======== GIVEN DATA

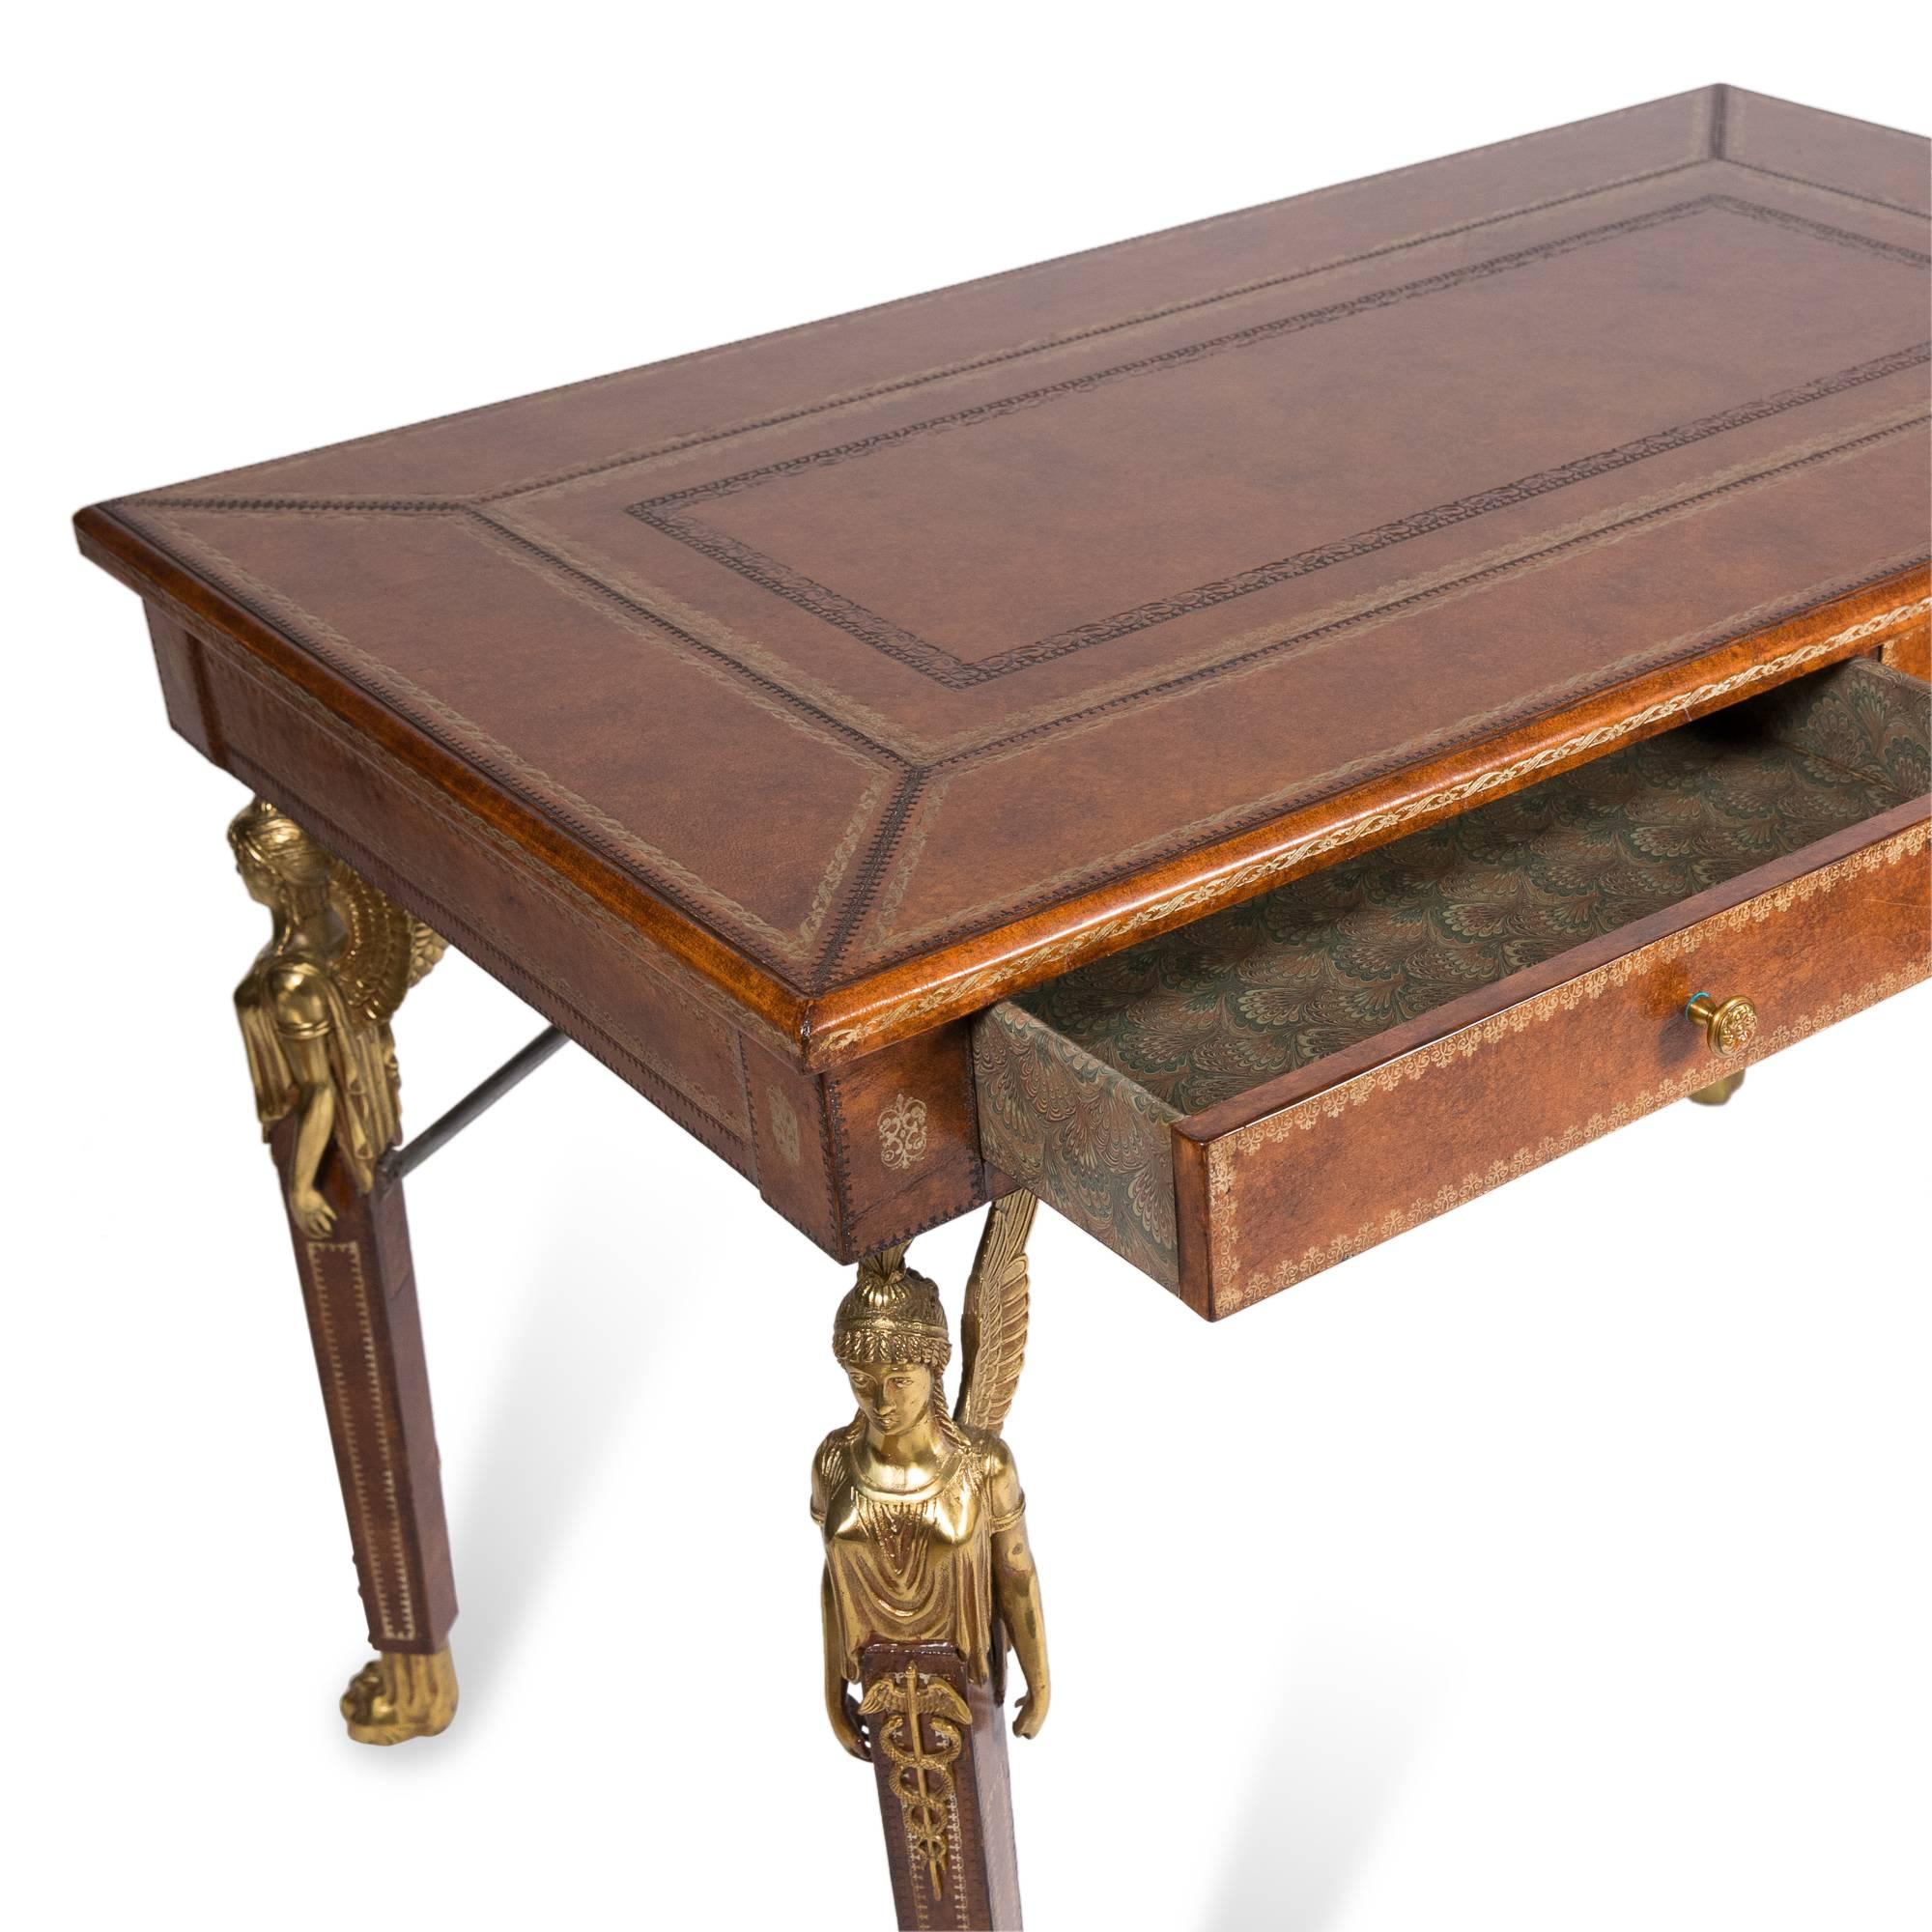 Gilt tooled leather two-drawer desk, with mounted winged solid bronze classical figures on legs, solid bronze paw feet, interior of drawers with scalloped patterned paper lining, by Maitland Smith, United Kingdom 1960s. Measures: Width 43 1/2 in,
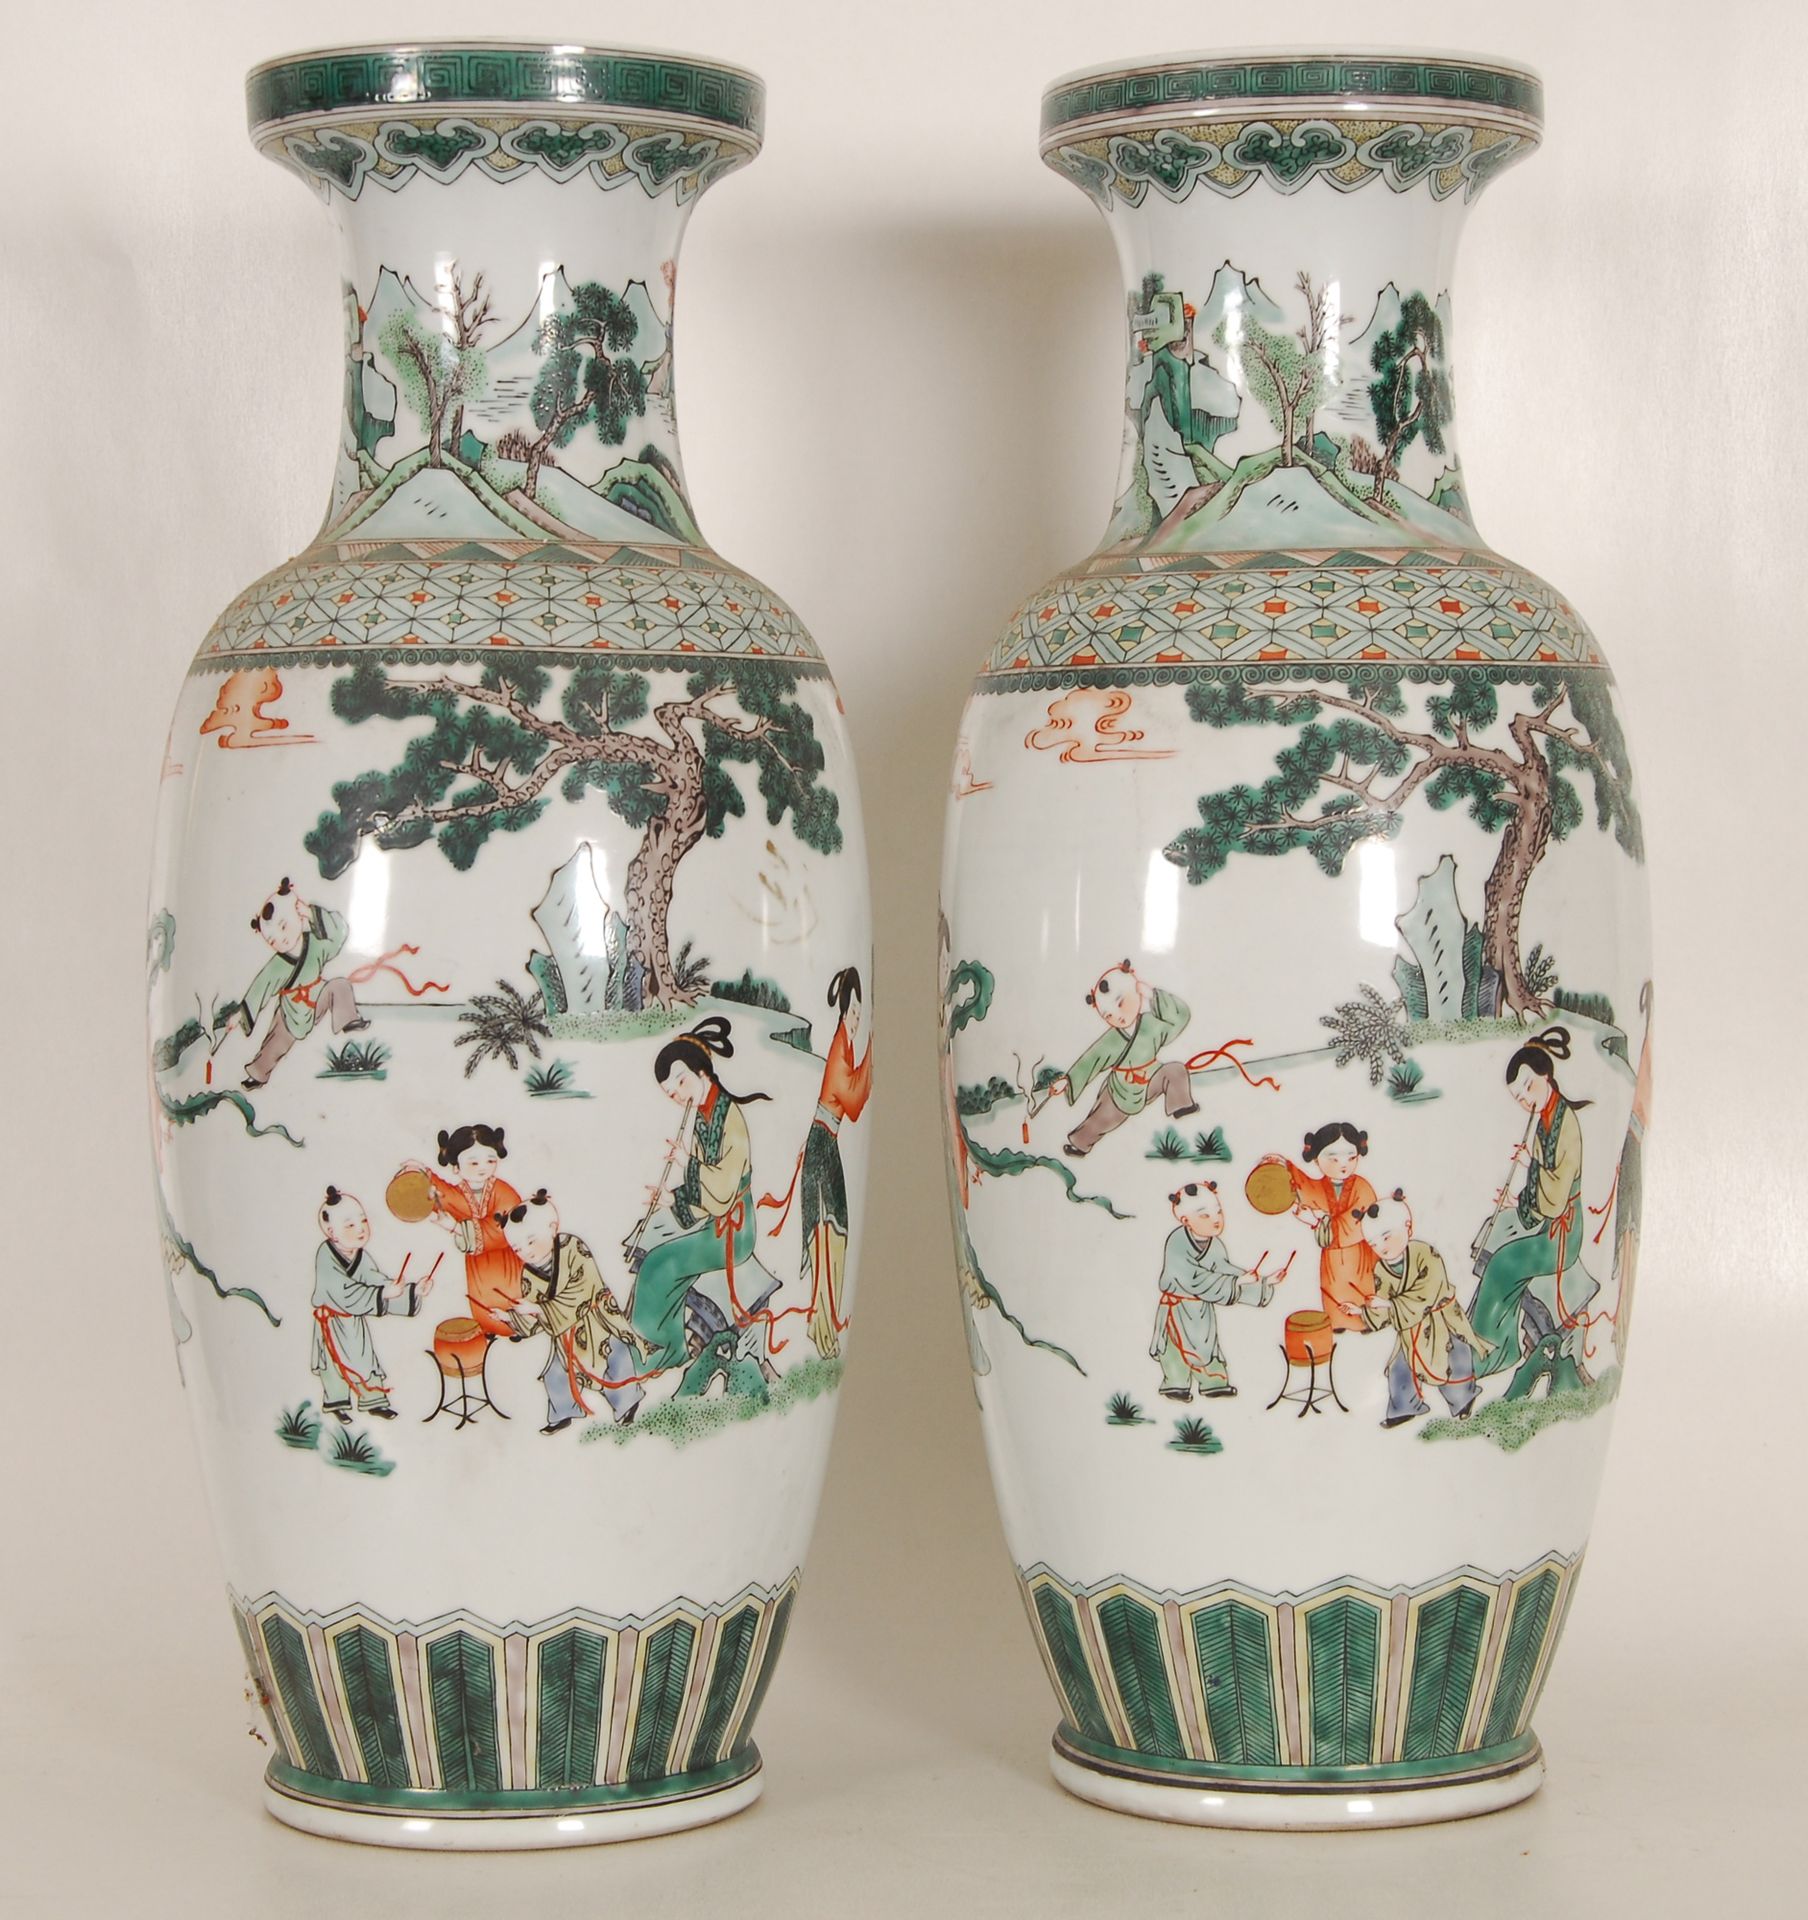 Chine A pair of famille verte vases
Decorated with women and children in a lands&hellip;

================

### WORK INSTRUCTION:
In your answer, give every line of the listing above exactly, and do not include the images.

### RESPONSE TO THIS EXERCISE:
 Gilt tooled leather two-drawer desk, with mounted winged solid bronze classical figures on legs, solid bronze paw feet, interior of drawers with scalloped patterned paper lining, by Maitland Smith, United Kingdom 1960s. Measures: Width 43 1/2 in,
 Chine A pair of famille verte vases
Decorated with women and children in a lands&hellip;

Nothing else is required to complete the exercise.